Installing DTASelect

The program may be obtained directly from the Yates Laboratory under the Download tab. Review and agree to the license terms, and download a recent version of the DTASelect distribution, e.g. DTASelect2_0_25.tar.gz. Place this distribution in the /home/sorcerer/custom directory on Sorcerer. Extract the software by typing the commands (as the sorcerer user):

cd /home/sorcerer/custom
tar -zxvf DTASelect2_0_25.tar.gz
ln -s DTASelect2_0_25 DTASelect

Also, grab a copy of the most recent manual at http://fields.scripps.edu/DTASelect/DTASelect-Manual.pdf. (This describes V1.9 of DTASelect; the current V2.0 version is generally compatible, but adds some new options, notably for search statistics, that are summarized in the online help.) DTASelect is a Java program and requires a Java environment of at least V1.6. Currently, Sorcerer has an older version of Java pre-installed. See the article on how to update Java on Sorcerer before using DTASelect. Verify your installation of DTASelect by typing:

java -cp /home/sorcerer/custom/DTASelect DTASelect -h | more

You should see a listing of DTASelect’s options, which you may find interesting to review. Scroll through the pages of output by hitting the space key. Note that the CGI options for  external visualization modules do not apply to this installation, because the extra components are not included in the distribution. You may encounter broken hyperlinks in the reports if you try to invoke them.

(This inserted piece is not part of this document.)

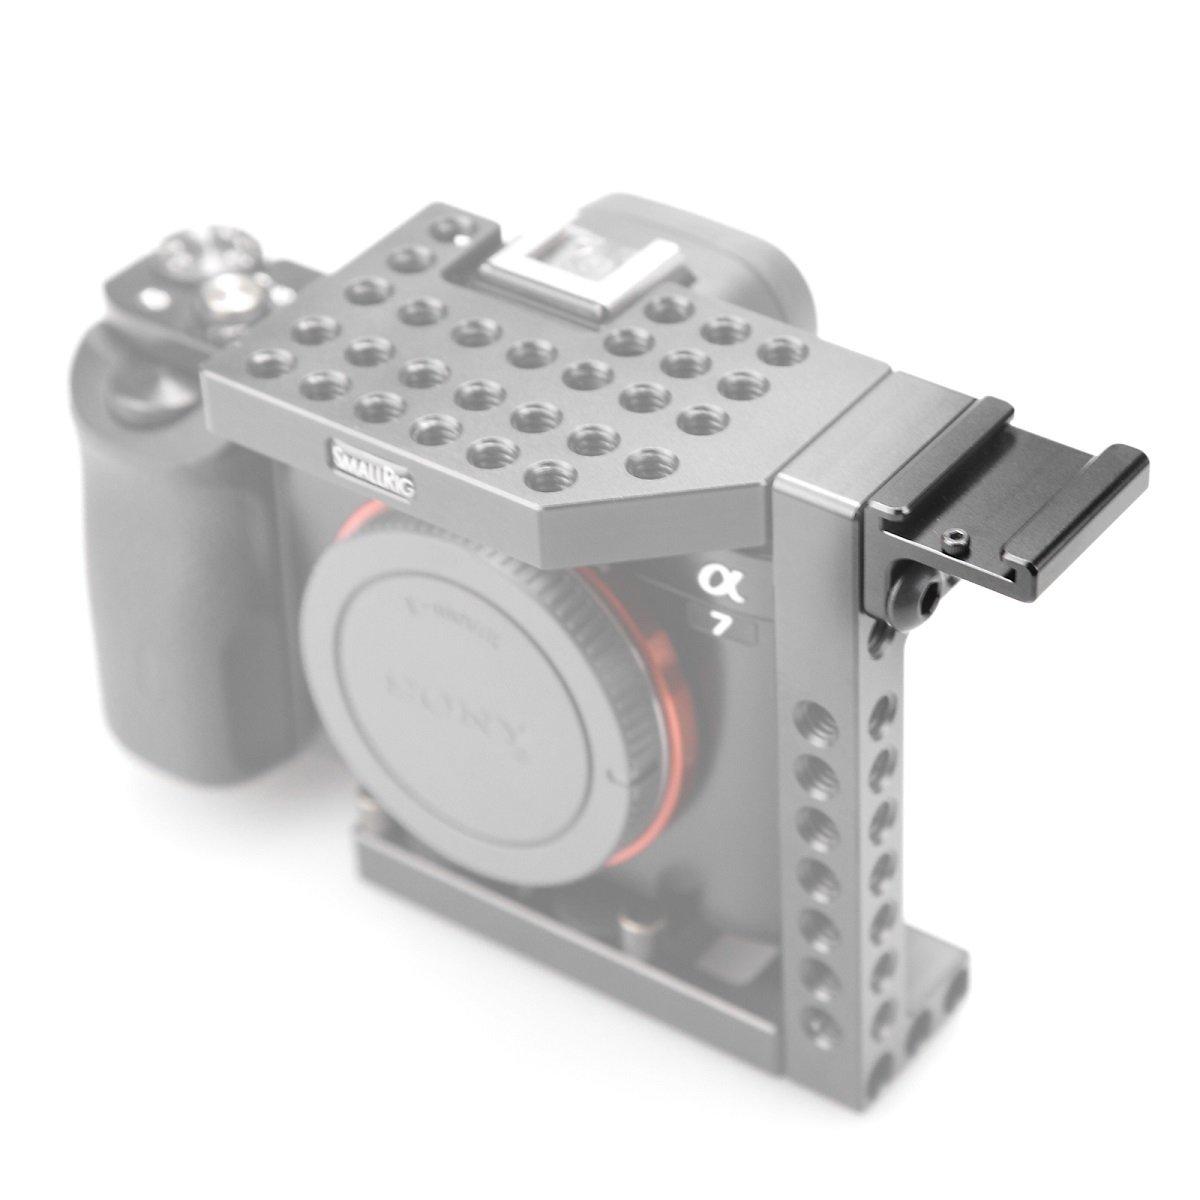 Gazechimp 1//8-27NPT Femmina A M14x1,5 Calibro Sensore Trasmettitore Adattatore Filetto Adattatore in Ottone

Configuring DTASelect for MUSE postprocessing

We have a Muse script which makes it easy to run DTASelect automatically on Sorcerer search results. After you install DTASelect as described above, install the Muse script and its associated support scripts, by logging  into Sorcerer as the sorcerer user and typing these commands (or by copying the block and pasting it into a terminal window):

cd ~/custom
wget -r -nd http://proteomics2.com/extras/dtaselect.muse
wget -r -nd http://proteomics2.com/extras/make_decoydb.mu
wget -r -nd http://proteomics2.com/extras/fasta-decoy.mu
chmod ugo+x dtaselect.muse make_decoydb.mu fasta-decoy.mu

How to run DTASelect automatically after a Sorcerer search

In the Sorcerer search setup page, do this:

  1. Select Advanced Options to expose more settings
  2. Select the Muse custom script option
  3. Type dtaselect.muse as the name of the script, followed by the DTASelect command line options you want

Considerations when running the dtaselect.muse script

  • Unless you’ve carefully set up decoy databases as described below, turn the statistics off with the --nostats option. This isn’t in the manual, but it’s necessary to get the program to behave as described in the manual.
  • If you are using decoy databases prepared with the Sorcerer make_decoydb script, then specify the option --decoy “##” to be consistent with the Sorcerer decoy sequence tag convention.
  • Also, don’t select --GUI when running a search from the queue. If you do, DTASelect will bring up the GUI at some future point when you may not expect it, and it will sit there until you do something with it. Better to run the GUI again later from the command line when you are ready to interact with the system.
  • DTASelect operates in the ‘original’ subdirectory of the results directory, but the dtaselect.muse script runs in the results directory itself (i.e., /home/sorcerer/output/nnn). For your convenience, and for easy browsing from the Sorcerer search results page, the script puts links to the DTASelect output reports in the results directory.
  • You can click DTASelect.html from the results page and get a user-friendly view in your browser. Just don’t expect all the links to external views to work if you haven’t installed the helper CGIs.
  • The format of the sequest.params file expected by DTASelect is slightly different from the Sorcerer format. dtaselect.muse makes the required changes and backs up the original.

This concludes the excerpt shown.